Sometimes we cannot go to the gym to do exercise because of busy work and life, and we want to improve our physical fitness through exercise. At this time, the classic fitness movements of home fitness have become a more suitable way for us to practice.

In fact, as long as we master the key points of exercise and match the corresponding exercise group, we can also exercise our body well at home. Today, we will explain the classic home training movements:

1. Push-ups (20 sets, 4 sets)

Main parts of exercise: chest

Movement process: First of all, be sure to ensure that your torso is completely straight, slightly separate your legs, your hands should be in the same straight line as your shoulders, and your arms are slightly bent. Then, lower your arms until your chest is about to approach the ground, and then resume to the initial movement.

2. Sit-ups (30 sets, do 3 sets)

The main parts of the exercise: abdomen

The action process: lie on the ground on the floor, bend your knees to about 90 degrees, put your feet flat on the ground, put your hands on your ears, use your abdominal muscles to contract, swing forward, quickly become a sitting position, continue to bend your upper body forward, and then restore to a sitting position, and proceed in a continuous manner.

3. Dumbbell curl (15 sets, do 2 sets of left and right hands)

Main parts of the exercise: upper limbs

Action process: Hold the dumbbell with your hands, stand, and bend your knees slightly. Bend your arms to improve the dumbbell; when you return, keep your arms slightly bent. After practicing, practice and separate them.

4. Bend over and row the dumbbells (15 sets, 2 sets of left and right hands)

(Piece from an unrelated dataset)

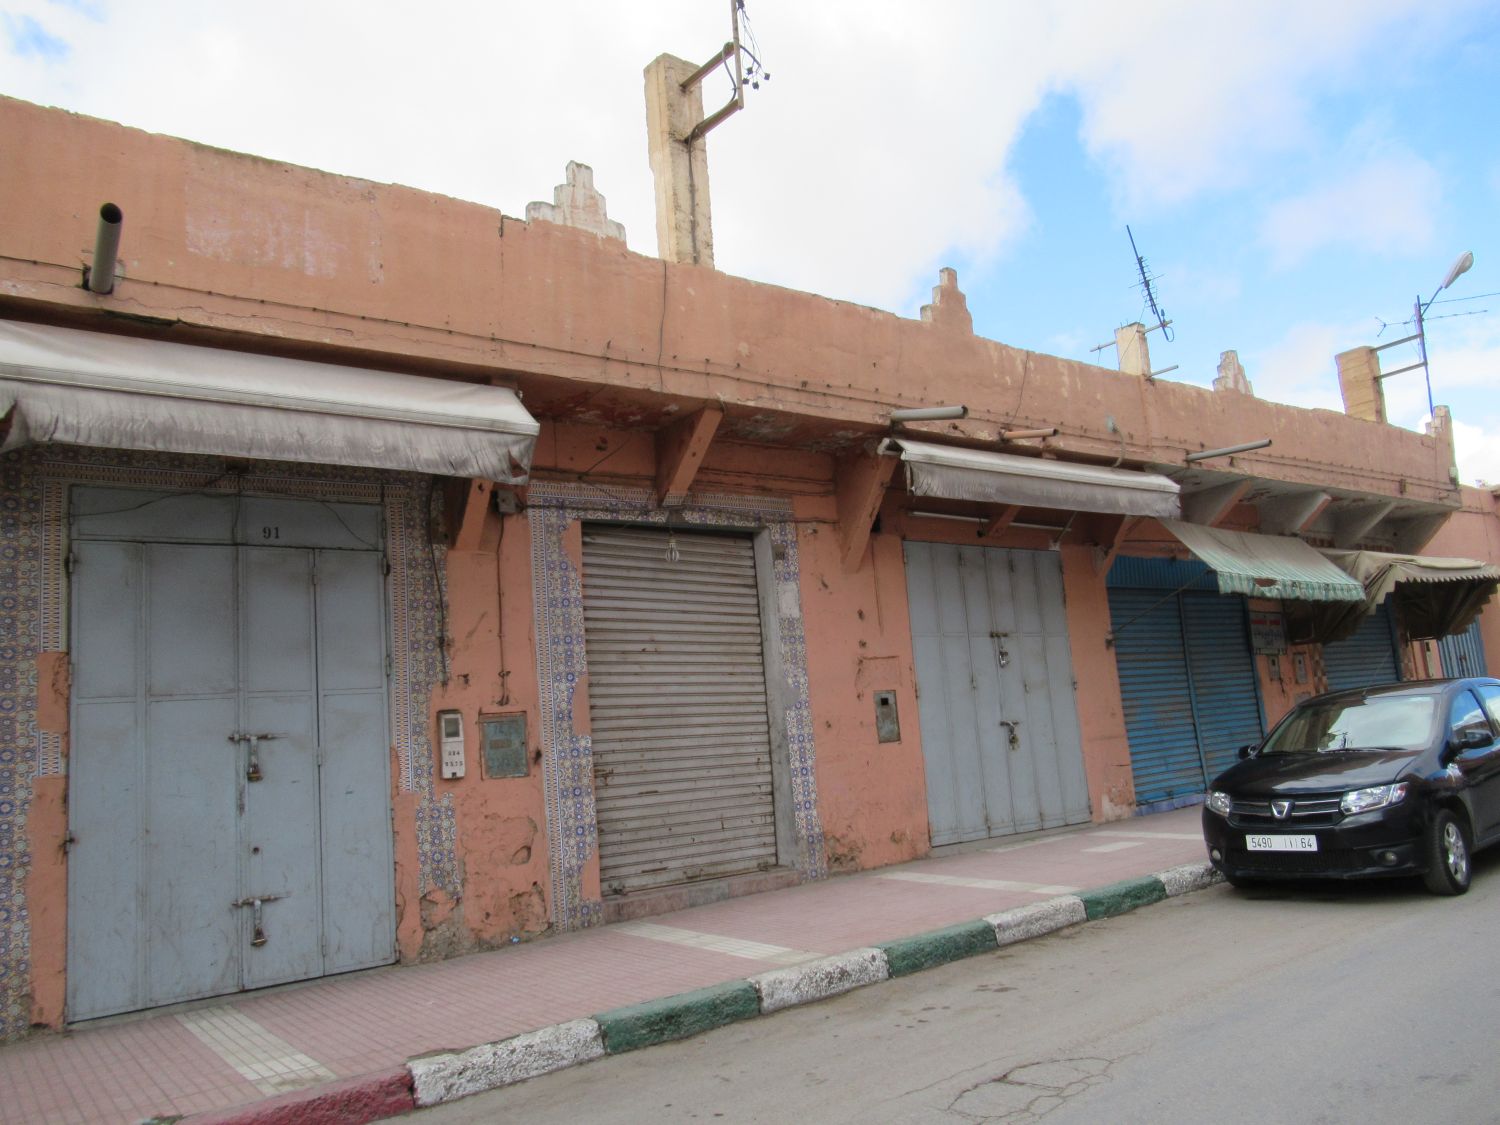 Old shops in Guelmim.

The main parts of exercise: back and shoulders

Action process: Use the flexion to grab the dumbbell with a positive grip, hold the other hand on the bench to support the body, and the other knee is also bent on the bench, the body is almost parallel to the ground, raise your head and chest. Put the weight as low as possible, and pull the weight up to the body; try to keep the body still, use the back instead of the arm to pull the dumbbell to the side of the body; put it slowly to maintain the weight Control, practice one side and then the other side.

It is important to note that even if you exercise at home, you still need to warm up accordingly so that your body heats up to make your fitness process less likely to be injured. In addition, paired with simple daily necessities, it is also a more convenient auxiliary training method during the exercise process. For example, benches, tables, and beds can be used as auxiliary equipment for home exercise, but when you are really using it, you must pay attention to safety to avoid being damaged by these simple equipment.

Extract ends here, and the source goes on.